From young gentleman Herbert Pocket in Great Expectations to interstellar gentleman Obi Wan Kenobi, you’d be hard pressed to find a better canvas for the filmed version of a gentleman than Sir Alec Guiness.
Something of a chameleon, he was fit to play such famed gentleman as King Charles I, Benjamin Disraeli, Prince Albert, Prince Feisal, Marcus Aurelius, Pope Innocent III, and Sigmund Freud. Though he could dress the scoundrel with the best of them. See: Fagin, Jacob Marley, Professor Marcus (original Ladykillers) and even Adolf Hitler.
Though, my favorite of his turns as an actor is a character that is perhaps gentlemanly to a fault. His Colonel Nicholson plays opposite William Holden’s Commander Shears and Sessue Hayakawa’s Colonel Saito in the masterfully filmed Bridge on the River Kwai. If you’ve never seen it and still want to consider yourself a man, don’t hesitate.
Without ruining the movie for you, Colonel Nicholson is the consummate officer and gentleman (eat your heart out Richard Gere).
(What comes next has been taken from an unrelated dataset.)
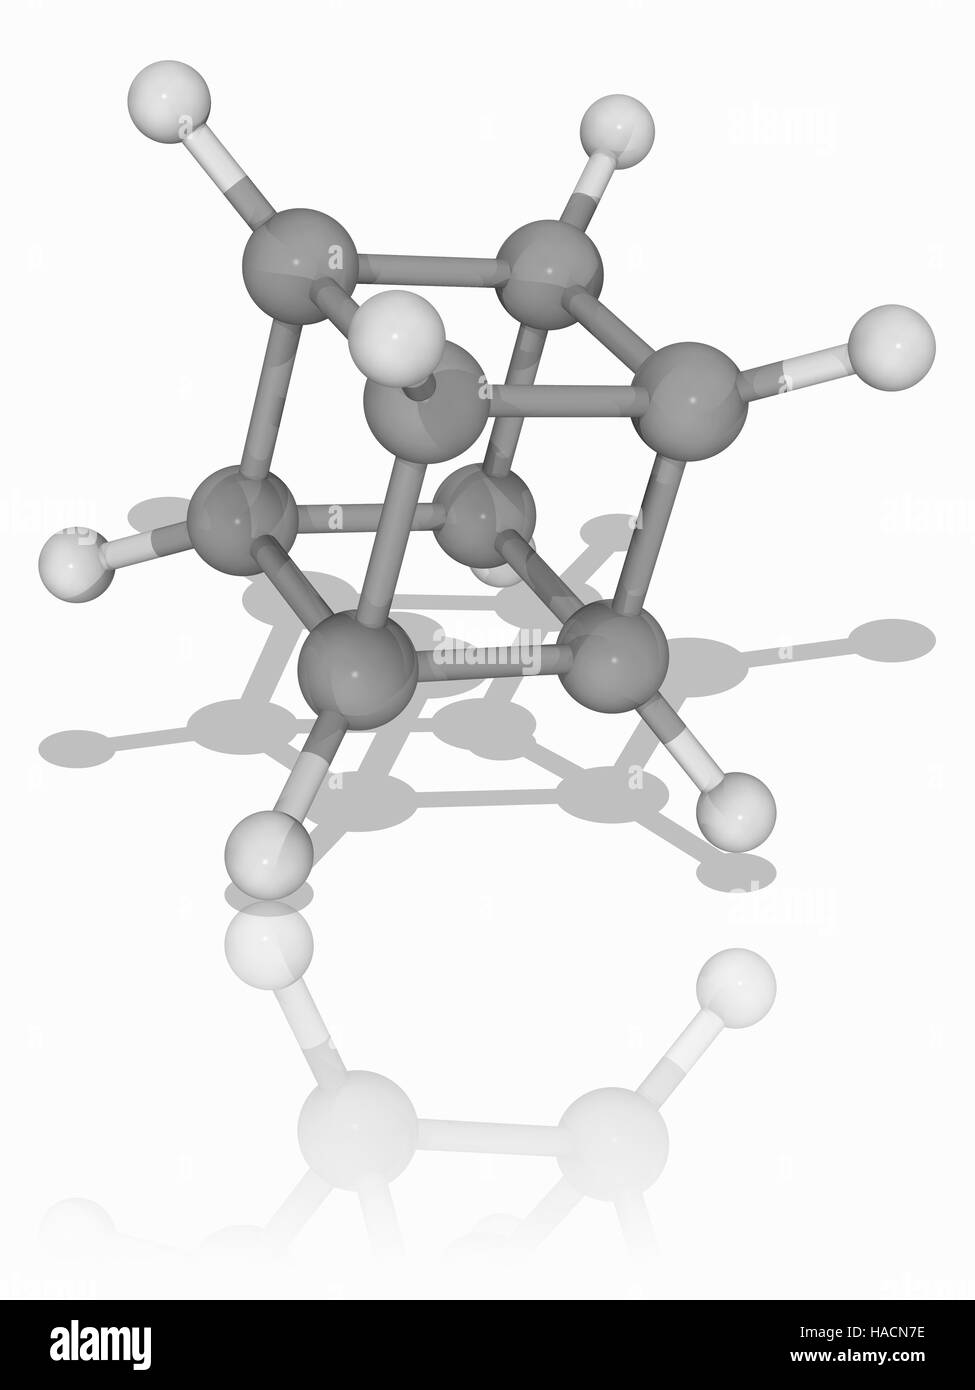 Cuban. Molekulares Modell des synthetischen Kohlenwasserstoff-Cuban (C8. H8). Dies ist ein Prismane, ein Kohlenwasserstoff, der eine prismenähnliche Polyeder, in diesem Fall einen Cube, einer der platonischen Körper bildet. Solche Moleküle sind für ihre Anwendungsmöglichkeiten in der Medizin und Nanotechnologie entwickelt. Atome als Kugeln dargestellt werden und sind farblich gekennzeichnet: Kohlenstoff (grau) und Wasserstoff (weiß). Abbildung. Stockfoto

And the contrast of his ideals to that of his counterparts is both inspiring and tragic. “Madness!, Madness!”. He is a man who will uphold the highest level civility and code to no end, perhaps at the cost of pragmatism. While Shears, perhaps self serving, recognizes where code fails it's own purpose. In fact, my concept of a modern gentleman borrows equally from Nicholson and Shears, trying to take the best qualities of each character. Hopefully forming a man who does what needs to be done and does it right.